Однако перевод таких больных на лечение в психиатрические стационары системы Минздрава наталкивается на совместный приказ Минздрава и Минюста РФ №311/242 от 9.08.2001г. «Об освобождении от отбывания наказания осуждённых к лишению свободы в связи с тяжёлой болезнью», в п.4 которого определяется, что освобождению подлежат больные, у которых диагносцированы «хронические психические расстройства (психозы и слабоумие), лишающие лицо способности осознавать фактический характер своих действий (бездействия) или руководить ими» При этом не устанавливается важнейший критерий – период, в течение которого больной должен быть в психозе. Непонятно, достаточно ли для этого 2 кратковременных психозов с многолетней чистой ремиссией в рамках рекуррентной шизофрении, или необходима непрерывнотекущая шизофрения в особо тяжёлом её варианте, при котором больной не выходит из психоза никогда. Кроме того, под приказ явно не попадают хронический галлюцинаторный вариант синдрома Клерамбо-Кандинского или хронический парафренный синдром, при которых десятилетиями возможны внешне упорядоченное поведение и формальная критичность на фоне продолжающегося психоза. Вместе с тем, любому психиатру ясно, как на этих больных может отразиться многолетнее пребывание в местах лишения свободы. Думается, что необходимо вернуться к нозологически очерченным формулировкам приказа № 213 МВД СССР, позволявшим более конкретно определить, в каких именно случаях больной может быть освобождён из мест лишения свободы (подобно всем другим статьям приказа № 311/242).

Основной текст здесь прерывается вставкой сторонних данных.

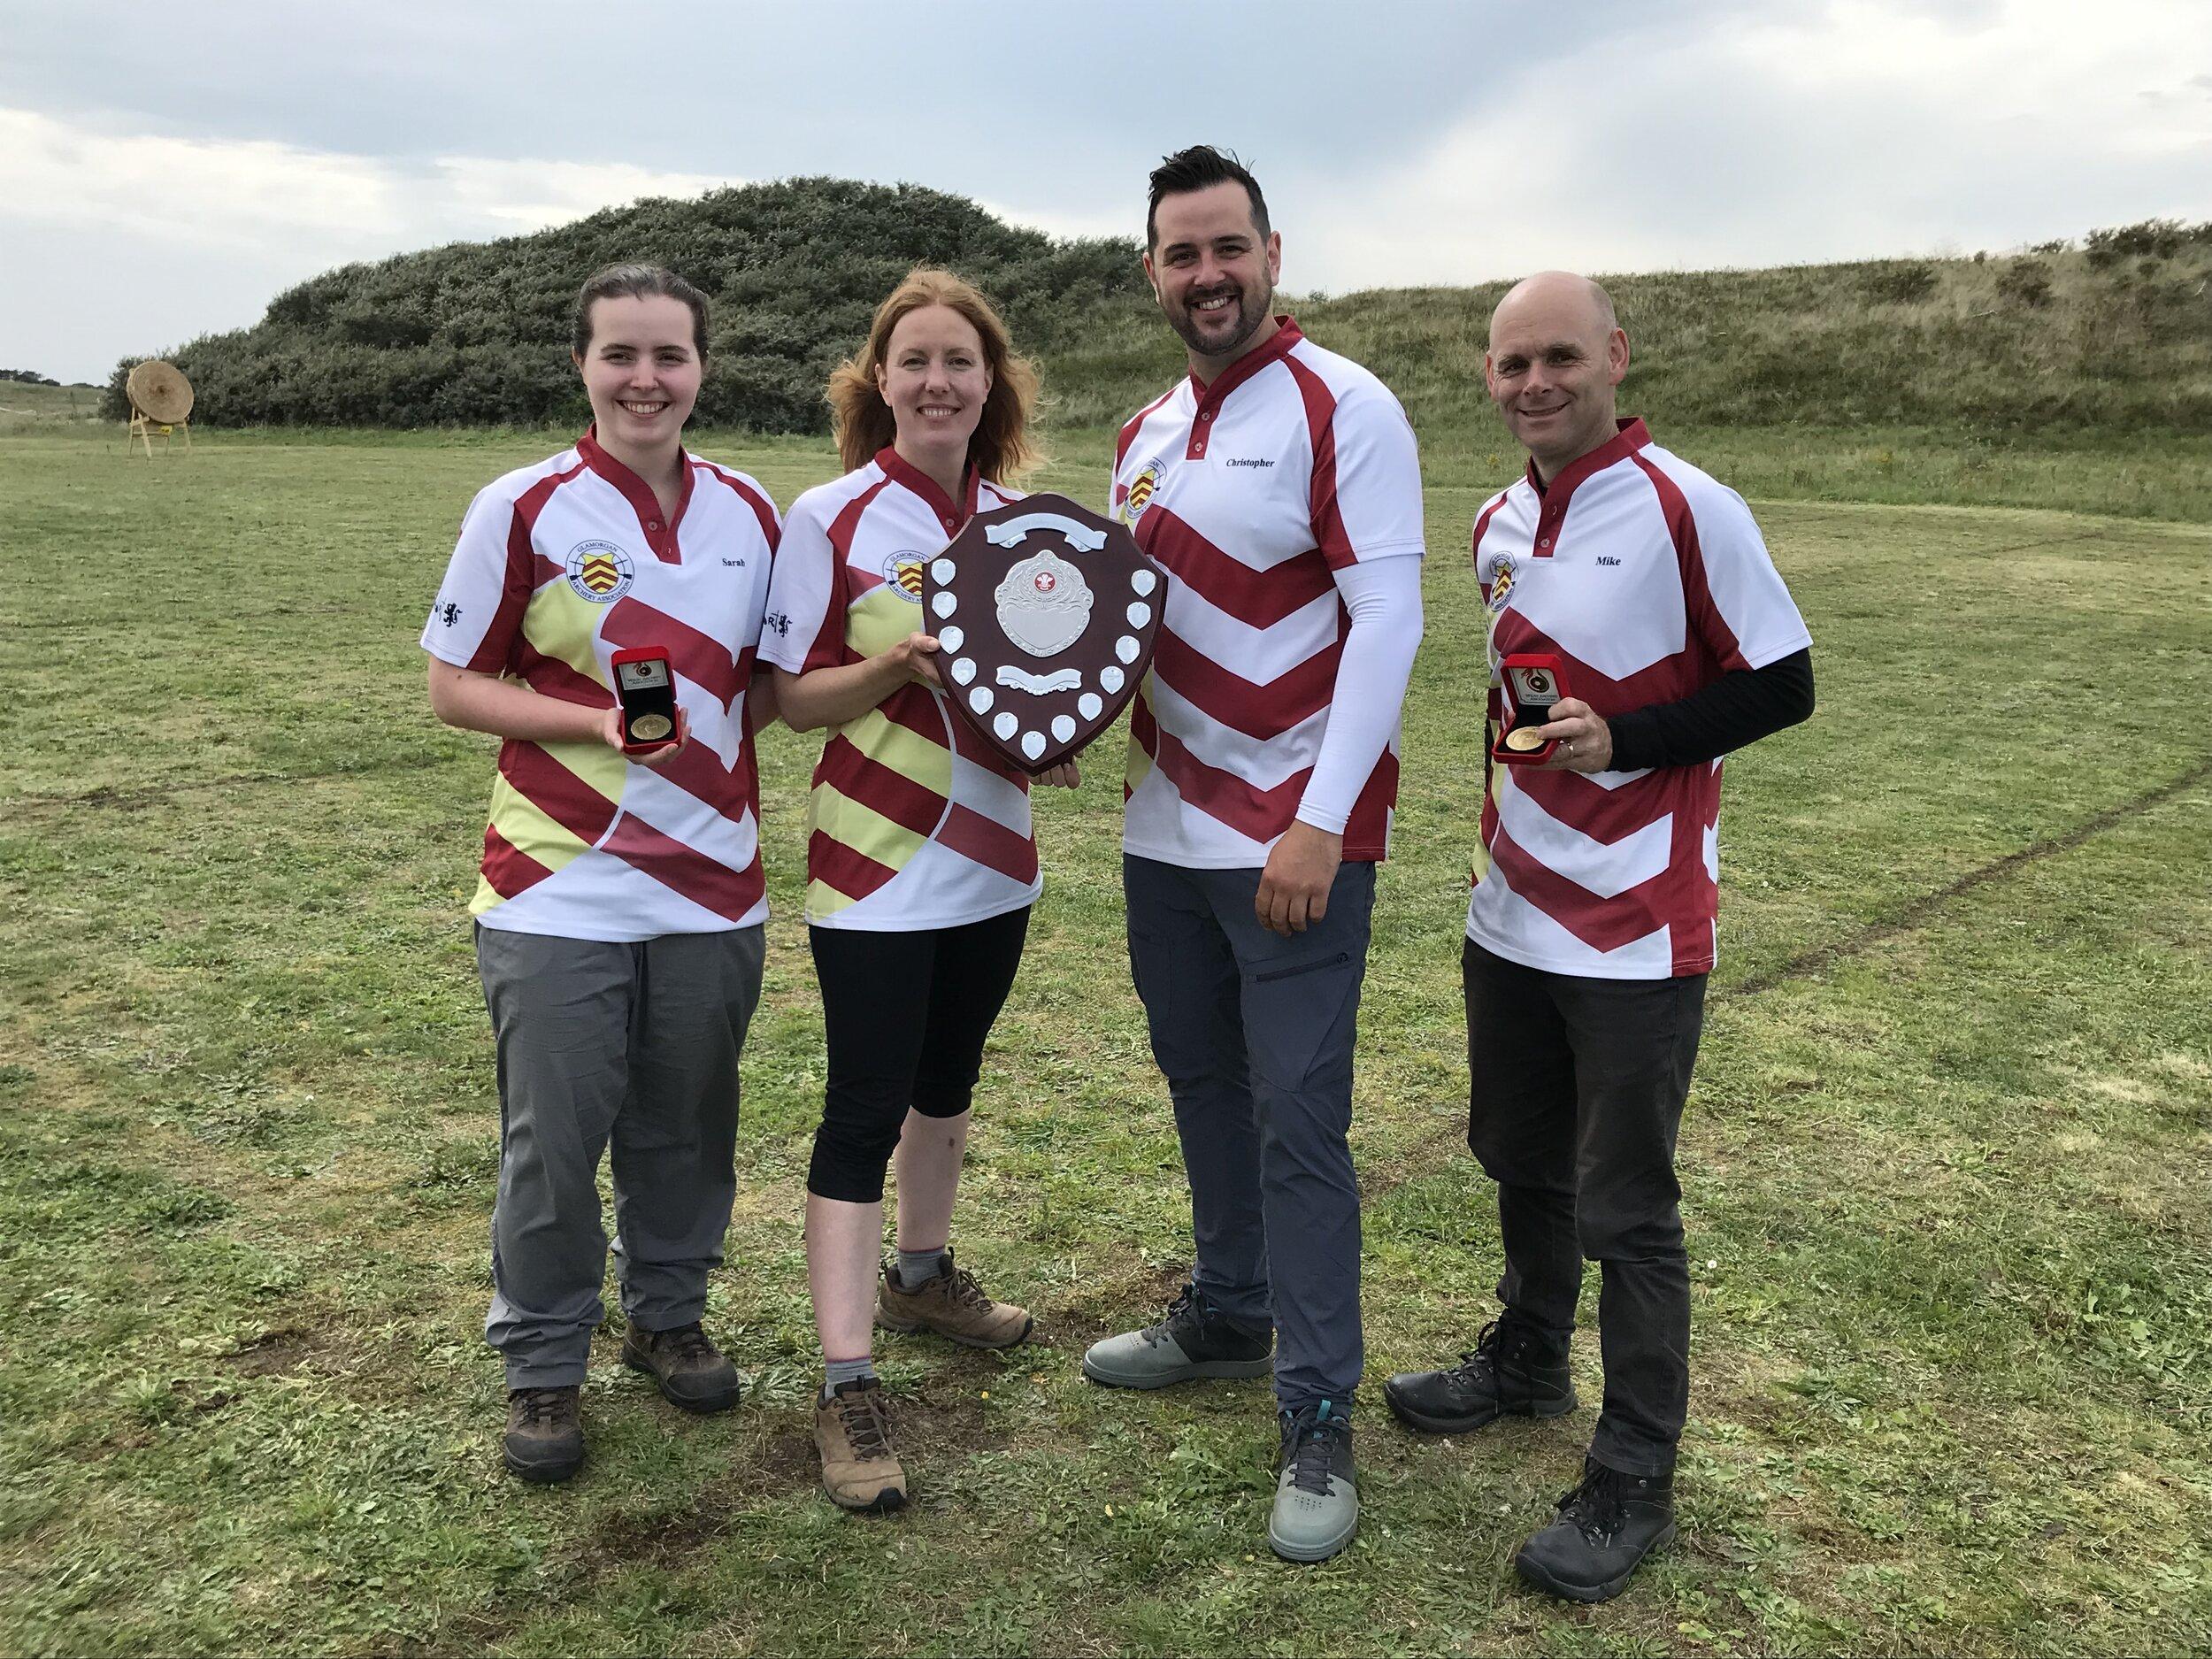 Castle Bowmen Barebow Champions
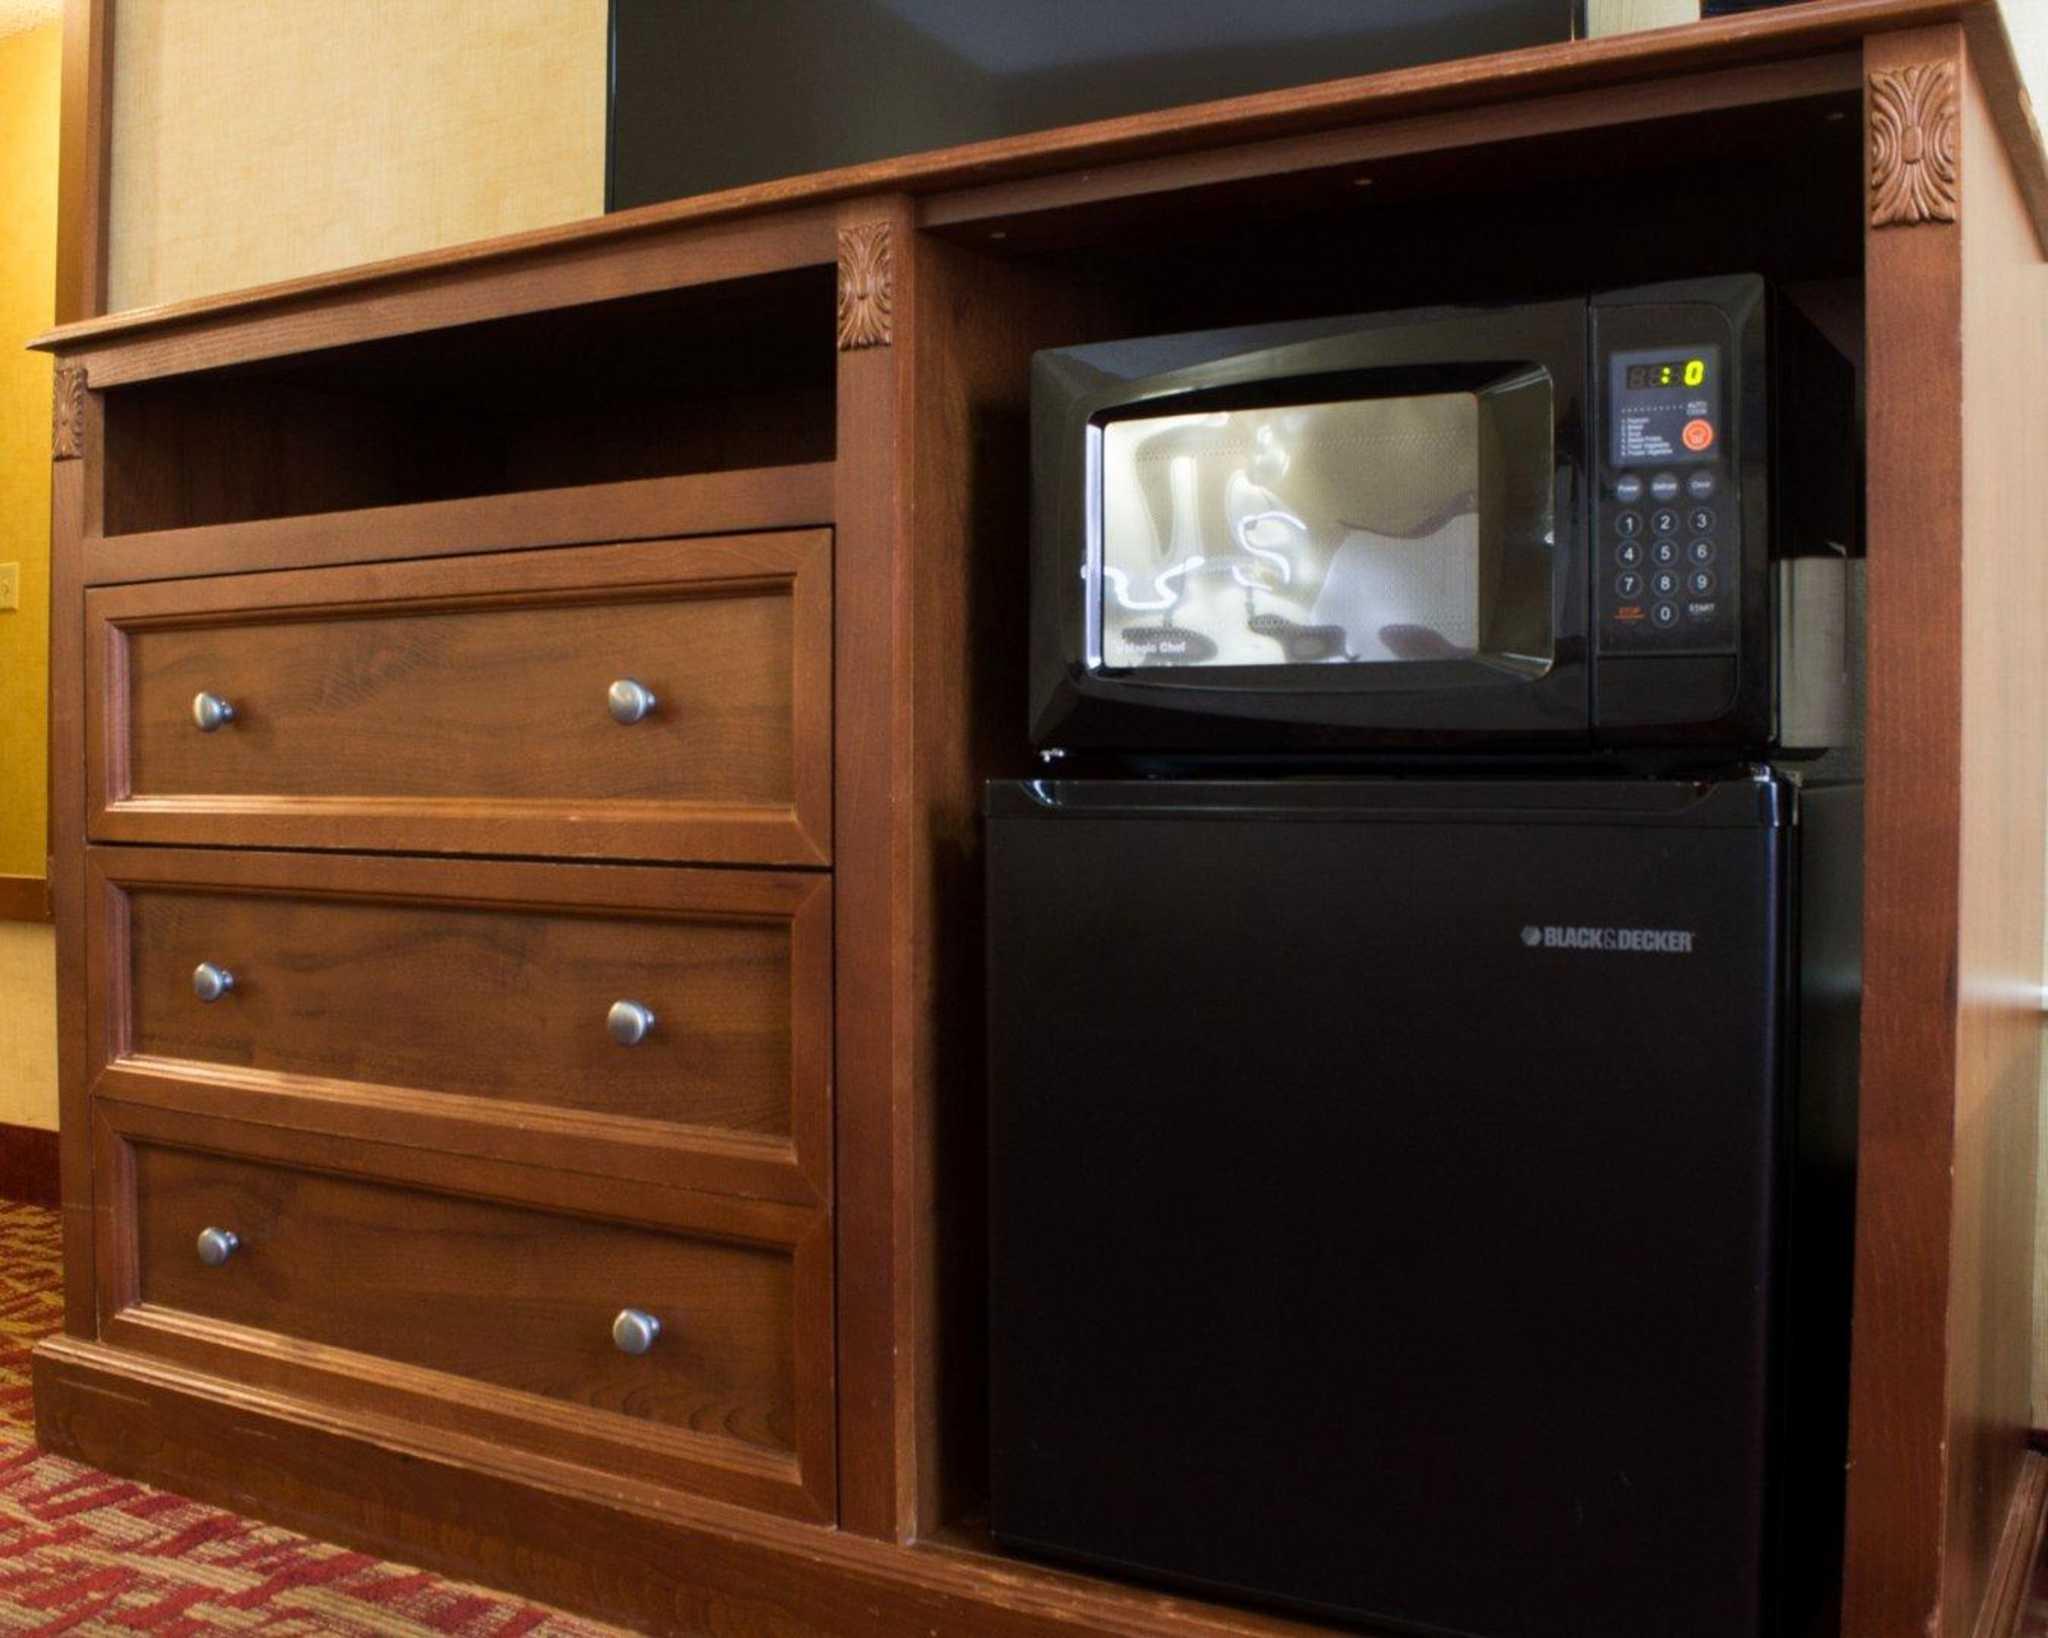 Rodeway Inn image 33

Ввиду этого чрезвычайно важно перед началом работы с тем или иным больным определить цель работы и критерии её достижения, а также выраженность психологических и психиатрических нарушений. Человеку, который стремится куда-то, может быть необходимо разобрать препятствия на своём пути, научиться ходить или понять, куда же на самом деле ему надо. Аналогично для одного больного может оказаться наиболее важной работа с эдипальными нарушениями – например, с негативным переносом с конфликтного образа жестокого отца на любого представителя администрации, для другого – поведенческий тренинг общения, позволяющий лучше адаптироваться в среде заключённых, а для третьего – помочь найти смысл существования в этом мире. Задачи работы и критерии их достижения должны быть обязательно согласованы с больным, и на него необходимо возложить часть ответственности за работу (2,3,9,14).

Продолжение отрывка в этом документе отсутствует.